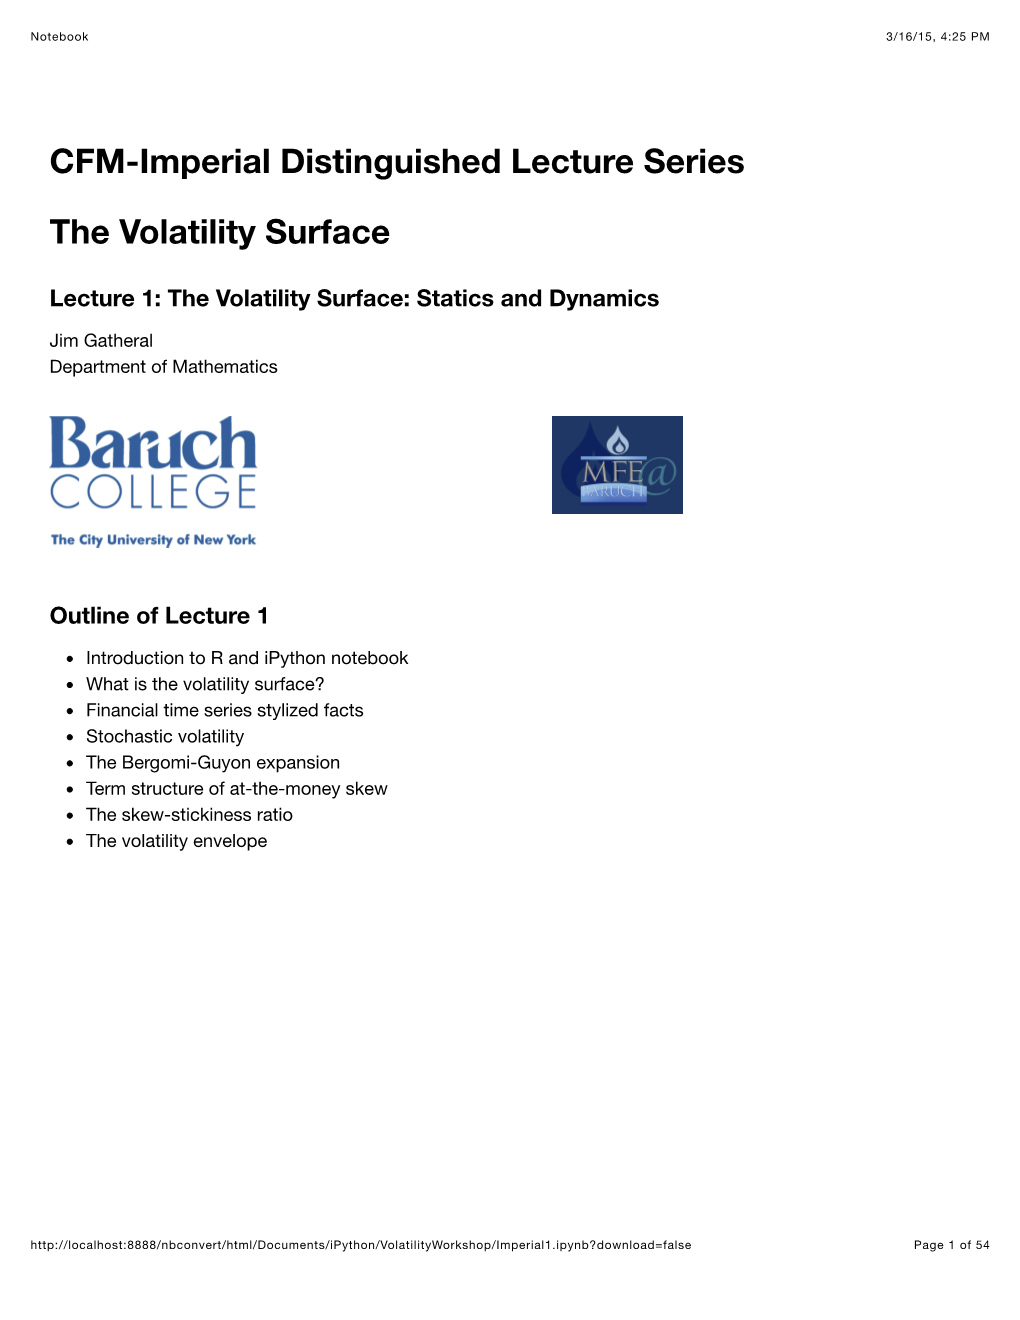 CFM-Imperial Distinguished Lecture Series the Volatility Surface
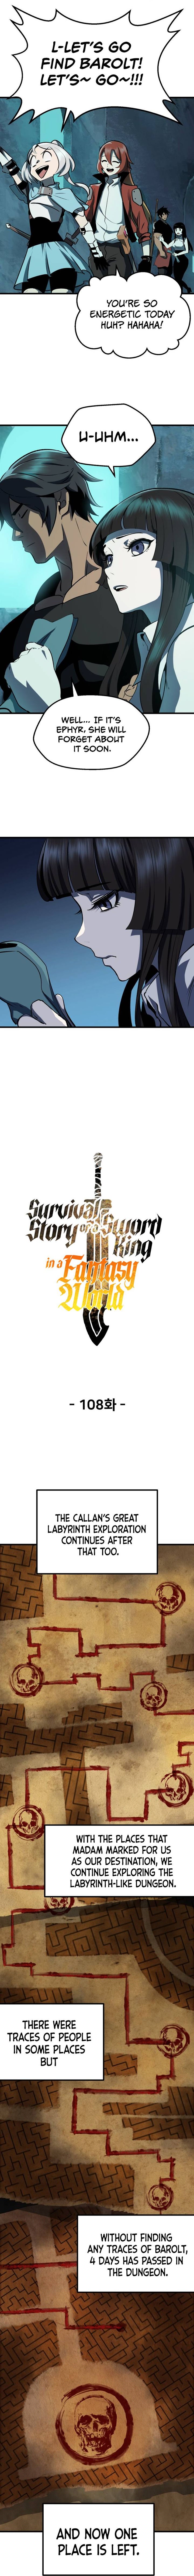 survival_story_of_a_sword_king_in_a_fantasy_world_108_6
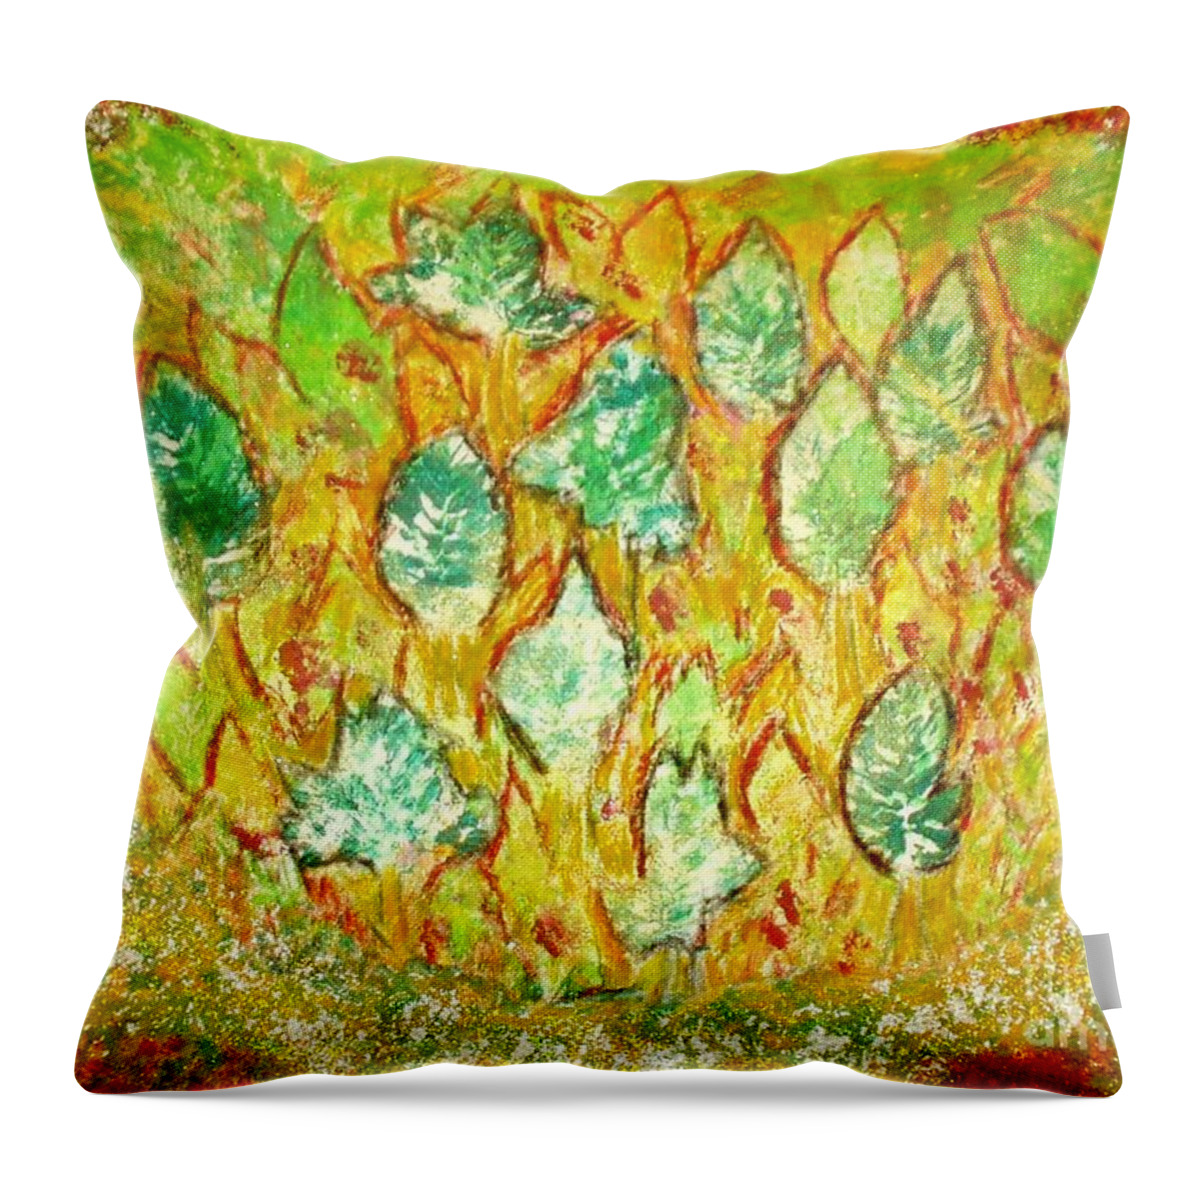 Leaves Throw Pillow featuring the painting Jungle by Pilbri Britta Neumaerker
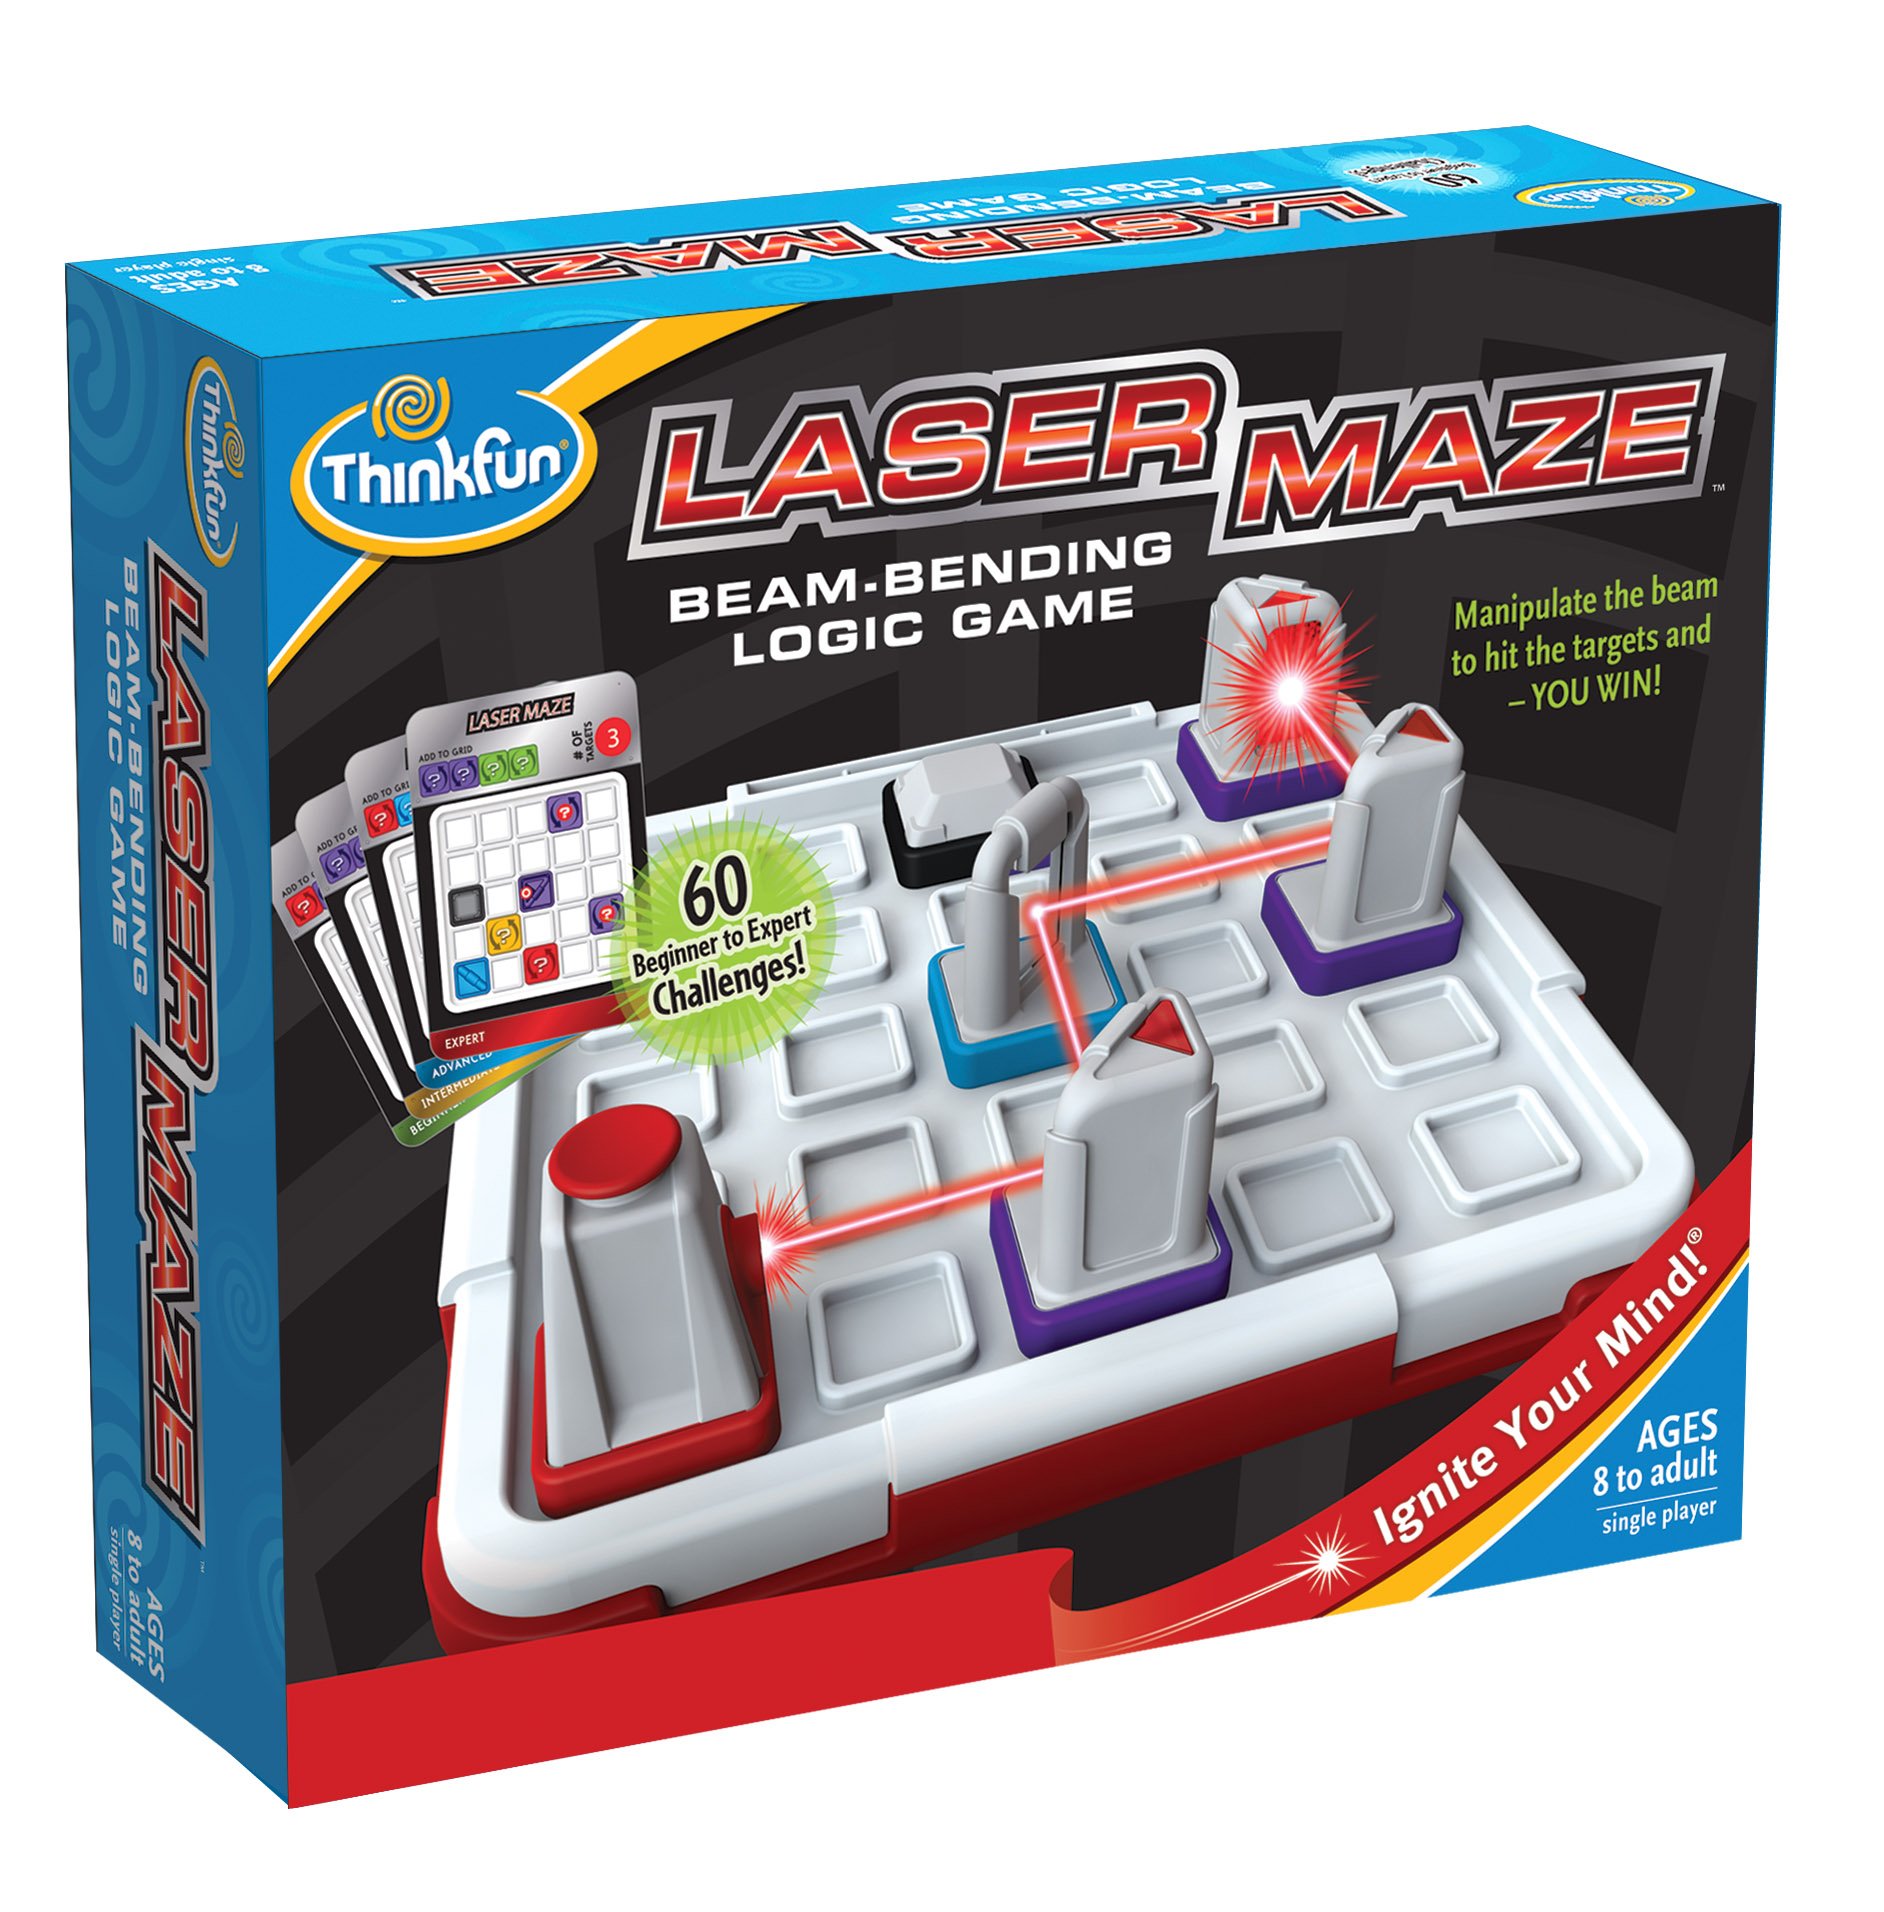 Think Fun Laser Maze (Class 1) Brain Game and STEM Toy for Boys and Girls Age 8 and Up – Award Winning and Mind Challenging Game for Kids (44001014)
§
▶ **Prompt**: Your response must reproduce every line of the data exactly, with images omitted.

▶ **Exercise result**:
 CFM-Imperial Distinguished Lecture Series the Volatility Surface
 survival_story_of_a_sword_king_in_a_fantasy_world_108_6
 Leaves Throw Pillow featuring the painting Jungle by Pilbri Britta Neumaerker
 Think Fun Laser Maze (Class 1) Brain Game and STEM Toy for Boys and Girls Age 8 and Up – Award Winning and Mind Challenging Game for Kids (44001014)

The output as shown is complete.